Trident: 8 things you need to know
As a weapons system designed for the Cold War, the case for Trident is non-existent in 2021.
Nuclear weapons are wrong – strategically, morally and financially.
Yet, despite long-standing SNP opposition, the UK government has written a blank cheque to base another generation of nuclear weapons in the Clyde – with Labour enthusiastically giving its backing.
Here’s what you need to know about Trident renewal.
1) Despite signing the non-proliferation treaty, the UK is increasing its nuclear weapons stockpile
The UK government has announced it is raising the cap on the number of weapons of mass destruction it can stockpile by more than 40%.
In an act of staggering hypocrisy, the UK government has signed up to the international treaty on non-proliferation – but have now trampled over it by increasing the number of nukes even further.
The Prime Minister's defence and foreign policy review includes a controversial commitment to increase the number of Trident nuclear missiles in the UK's arsenal. https://t.co/ftPso8qgUC
— Record Politics (@Record_Politics) March 16, 2021
2) Scotland opposes Trident renewal
Nuclear weapons have been based in the Clyde for over half a century. This is despite the opposition of the people of Scotland, civil society, the STUC, Scotland’s churches, the Scottish Parliament and most of Scotland’s MPs.
In 2016, 58 of Scotland’s 59 MPs voted against the decision to renew the Trident nuclear weapons system.
A poll from Survation found that, excluding people who don’t know, 56% of people in Scotland oppose the renewal of Trident – and according to YouGov, the majority of Scots think the Scottish Government, rather than the UK government, should have the final say over Trident.
3) And yet, Labour is ramping up its “non-negotiable” support for nukes
Labour’s shadow defence secretary has stepped up the party’s support for Trident, declaring their support “non-negotiable” and “unshakeable” in a recent speech.

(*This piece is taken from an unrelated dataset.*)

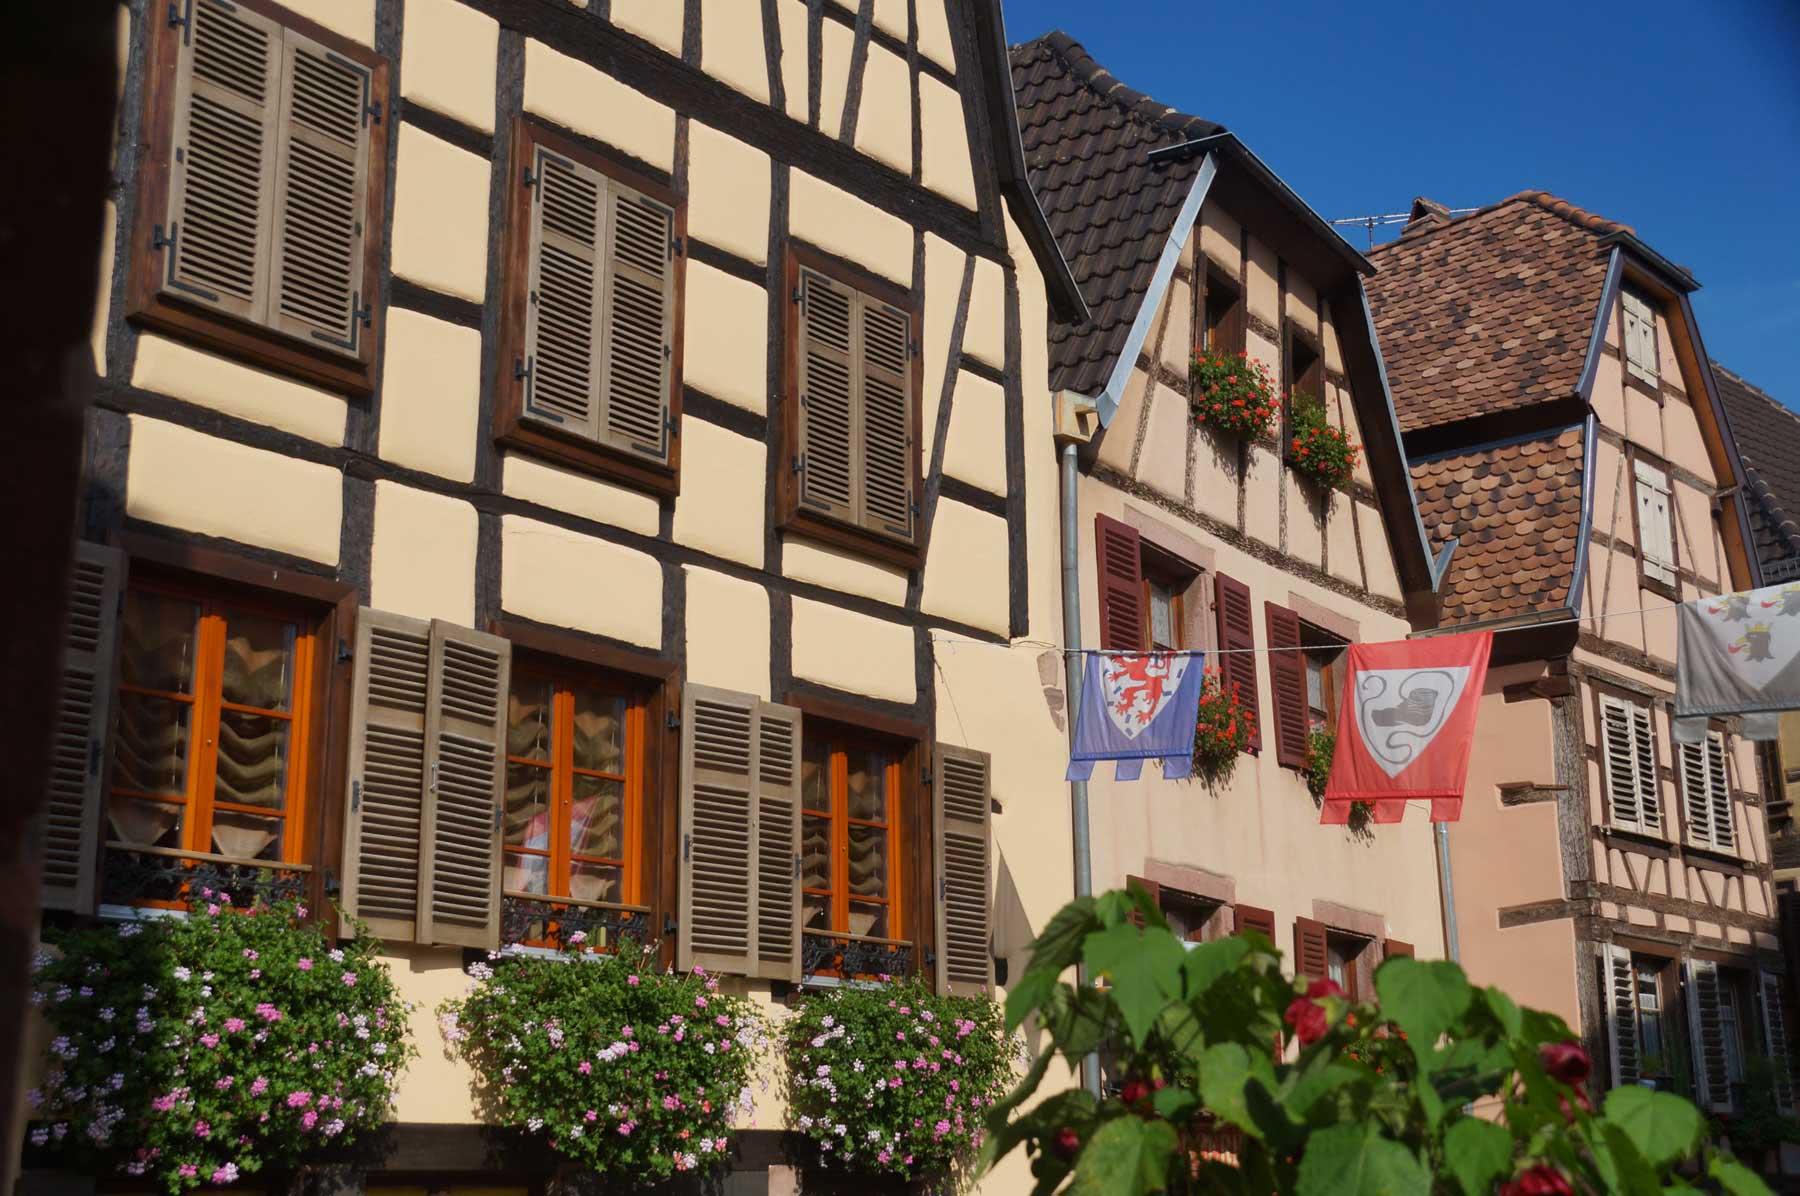 Maisons à colombage en Alsace

Instead of properly investing in a COVID recovery and building a fairer economy, Keir Starmer’s Labour is happy to spend hundreds of billions of pounds on weapons of mass destruction.

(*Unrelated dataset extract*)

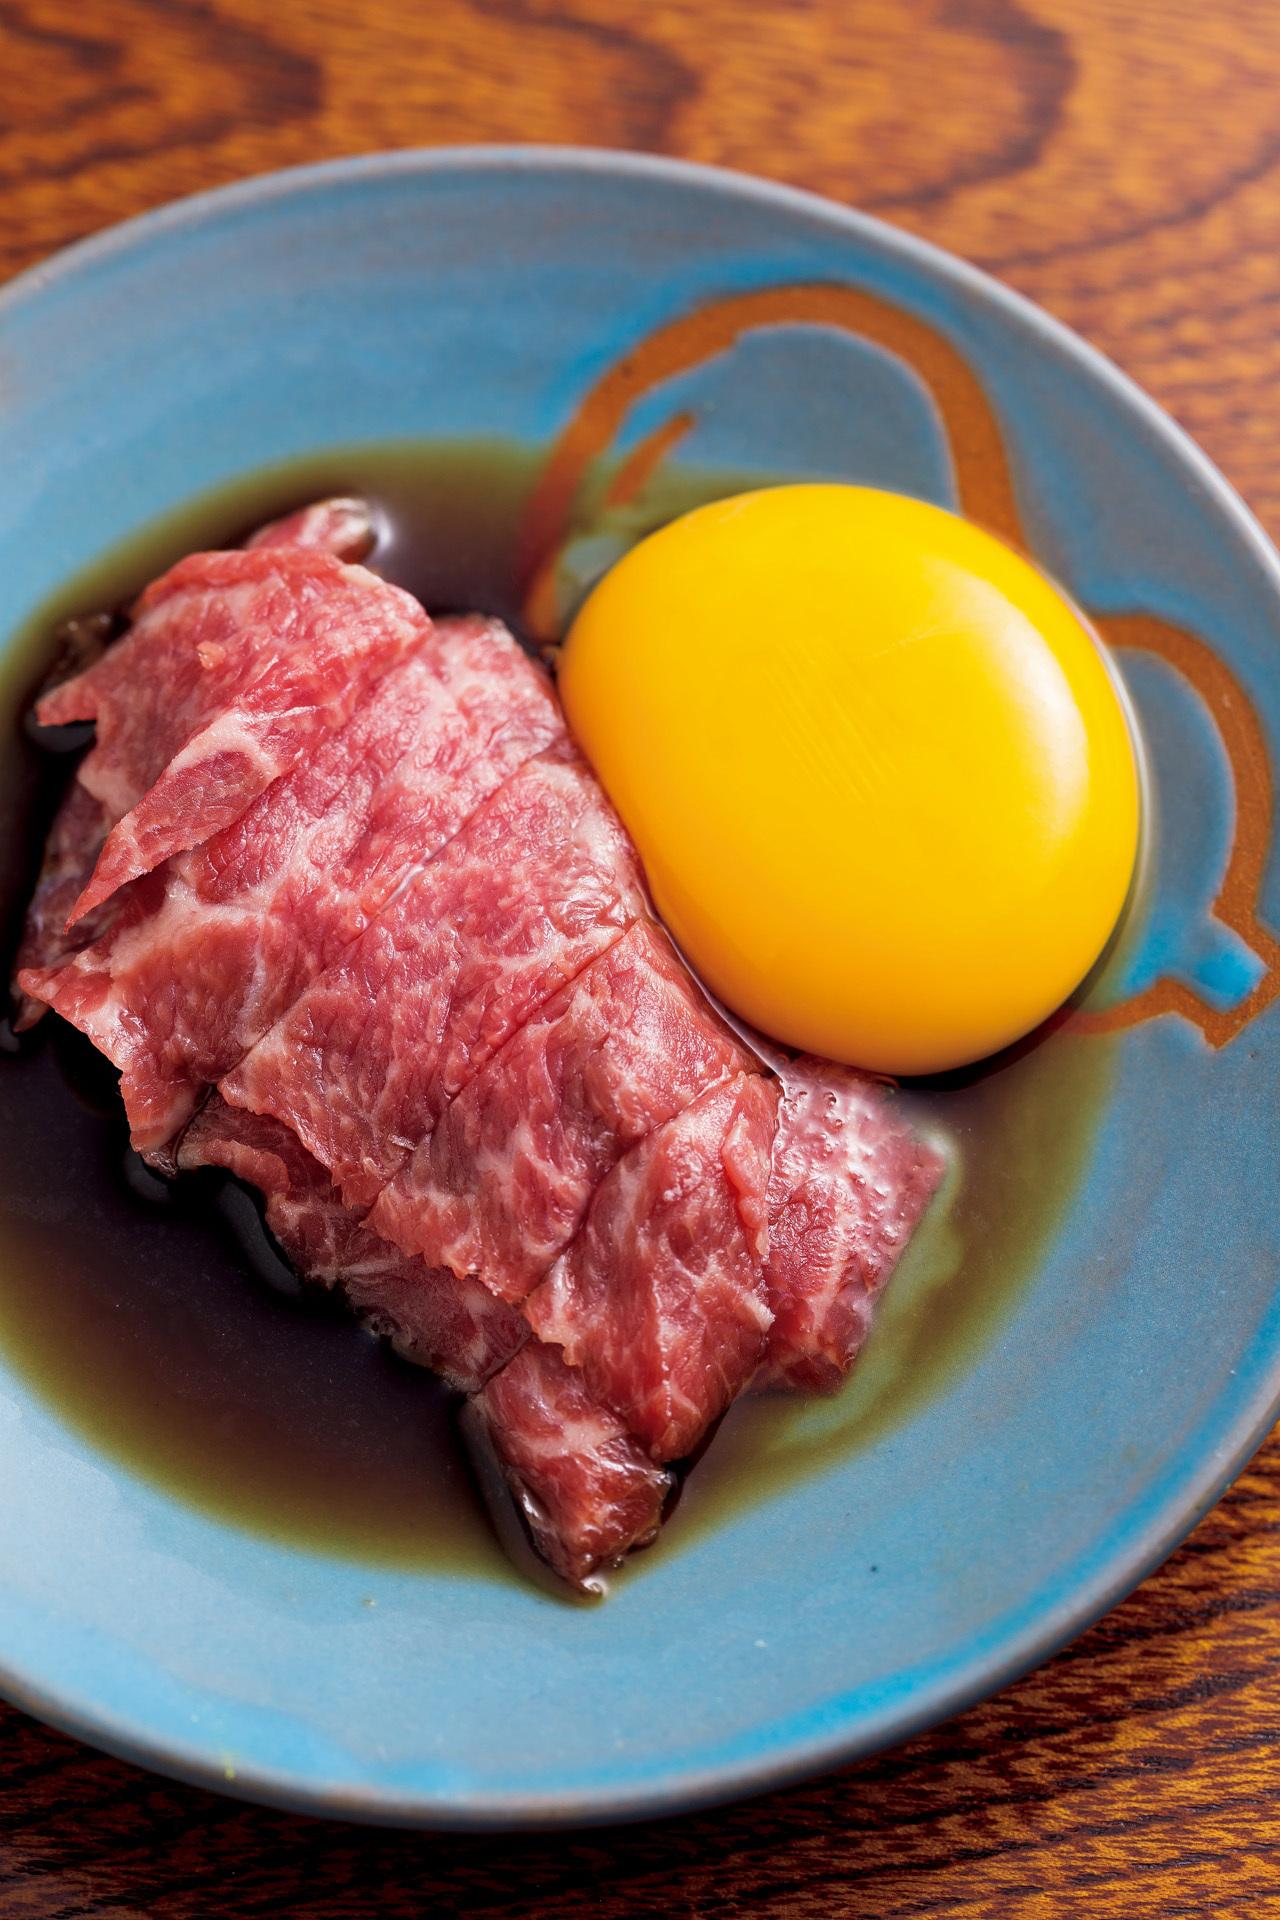 全国の肉好きが一目置く、絶対の鮮度とおいしさ 安参_1_1

And as the Tories and Labour increasingly sing from the same hymn sheet on this and many other issues – it’s becoming clearer by the day that Westminster simply isn’t working for Scotland.
Keir Starmer to signal Labour support for Trident nuclear weapons in Scotland https://t.co/3WQVlmZqXU
— Paul Hutcheon (@paulhutcheon) February 26, 2021
4) Trident is financially unjustifiable
The Commons Foreign Affairs Committee has calculated the total cost of the next generation of Trident at £179 billion over its lifetime. CND have estimated that the cost may even be as high as £205 billion.
During a pandemic and continuing Tory austerity, this money could be far more effectively used on improving healthcare, education and building a better future for our children, as well as investing in conventional armed forces.
Estimates for Trident renewal range from £167bn to £205bn. #ScrapTrident & spend that money on our public services. pic.twitter.com/bT7P9Owegc
— The SNP (@theSNP) 18 July 2016
5) At the same time, the UK Government has cut defence jobs in Scotland – year after year
The Ministry of Defence’s own jobs figures show that while the Tories have been preparing billions of pounds for Trident renewal, defence personnel in Scotland has been cut by 3,300 – that’s an 18.7% reduction.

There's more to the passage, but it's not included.